Found a little Gnosis...and I feel fine. ;)
Belief. I have belief, but what do I believe? That...I believe...is a very good question to which I've had more answers than questions.
I started out, as do most from the South, indoctrinated in Protestant based Christian teachings. I rejected that early on as completely contrary to the world around me. So I turned to science, some of which made sense, much of which seemed short sighted and overly restrictive. Then I turned to philosophy...I fell asleep nearly smothered by the book on my face. Eventually, I returned to a more liberated spirituality. A more open and investigative spirituality. I suppose I became a seeker of sorts. Through chance encounters and very deliberate experience, I found some things that worked, some that made sense, but generally I found a group of people left very much wanting. I've spent much of the last few years lingering on the outer boundaries of this community left wanting, but that may have finally changed.
I seem to have, in fits and starts over the last two years, come upon something which answers more questions than anything before. At the same time, it does something much more important than simply answering questions...it actually feels correct. Not forced. Not almost a good fit, which I might be able to squeeze my spirituality into if I hold my breath just right. This time, I may have found the thing that is right, because it is telling me a story I already knew.

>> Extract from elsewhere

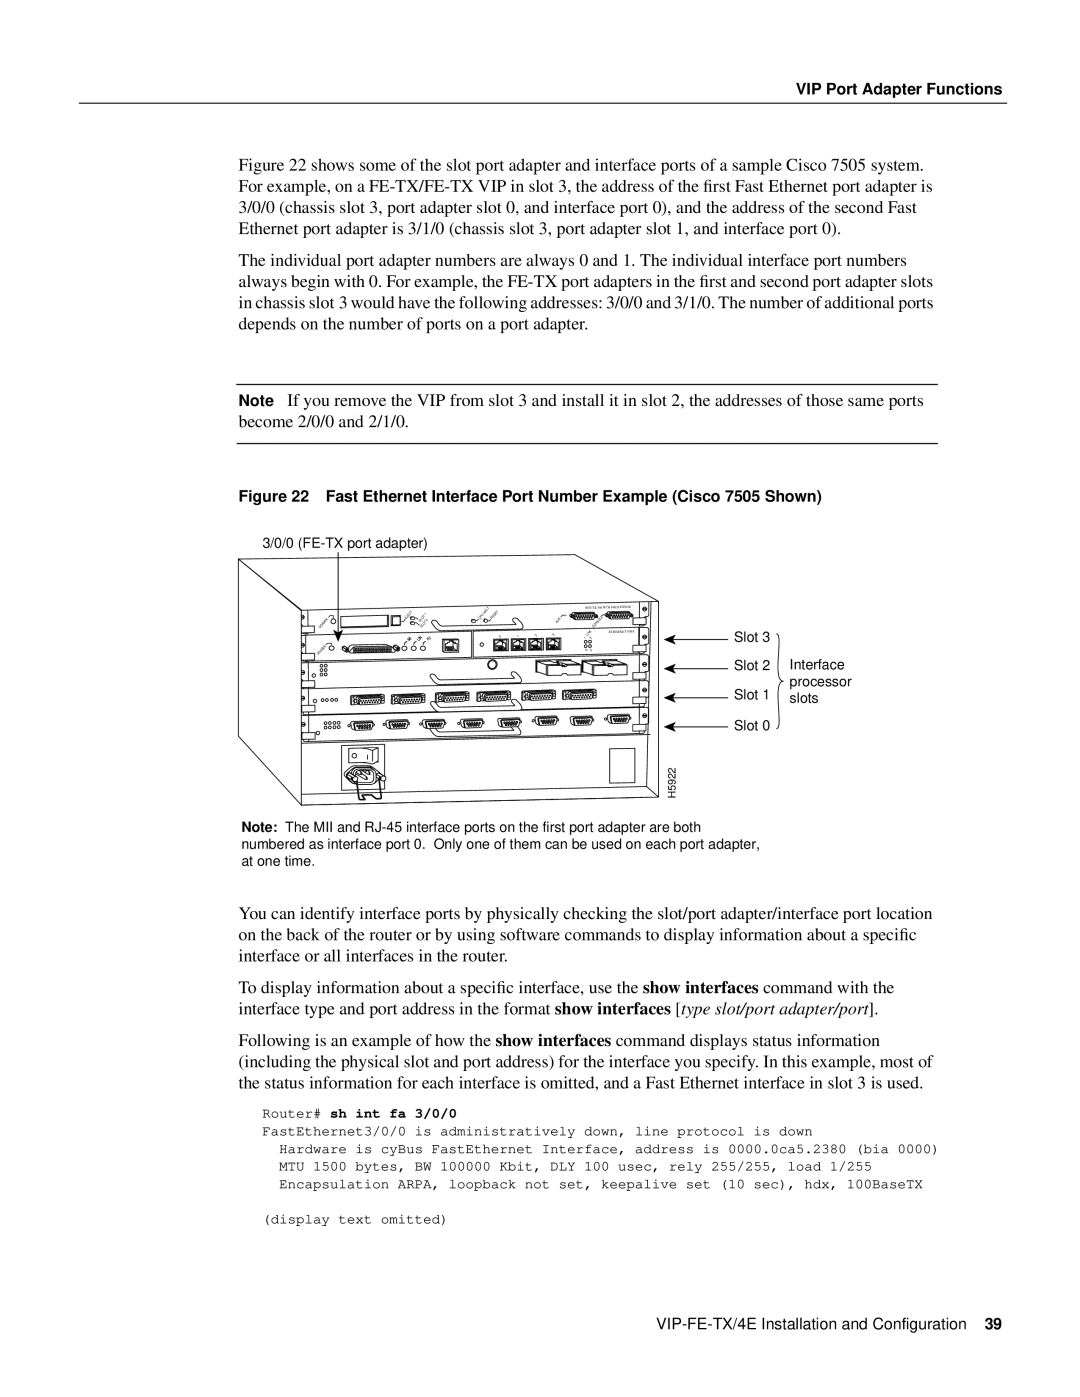 Cisco Systems VIP-FE-TX/4E manual Router# sh int fa 3/0/0, processor 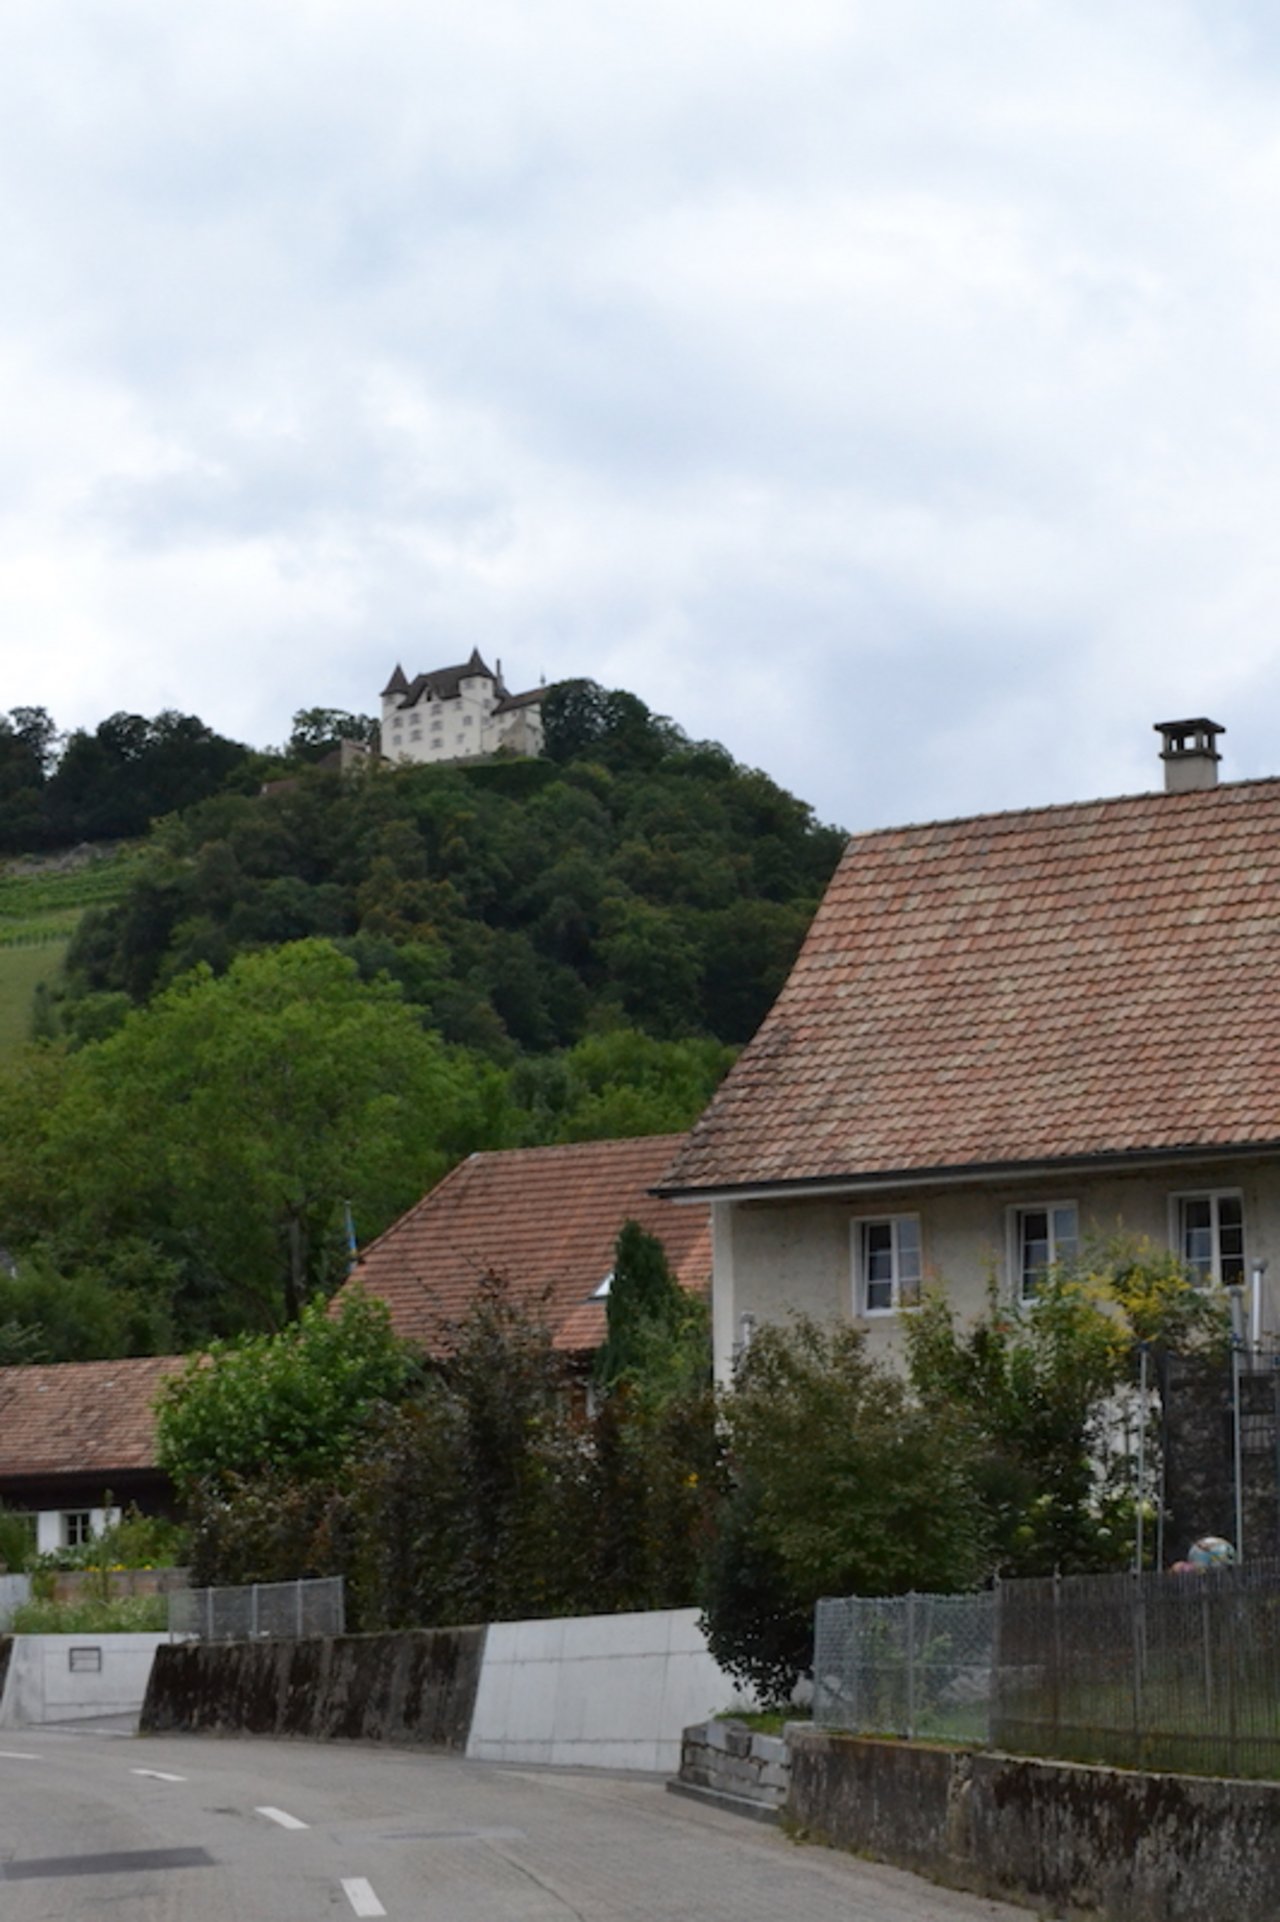 Hoch über Lostorf SO thront die Burg Wartenfels. Unterhalb dieser weitherum sichtbaren Burg wohnt die Familie Lisser.

I have discovered...or more correctly...recognized the stories and "myths" of Gnosticism, to be those I've known as far back as my limited memory allows me to recall...maybe even a little further. From their belief that all is not right in the world and beyond, to the more personally accurate story of creation, "salvation" and beyond. Even to the very purpose and reason for our existence and that of the universes. It's less a recent discovery than it is a recalled memory.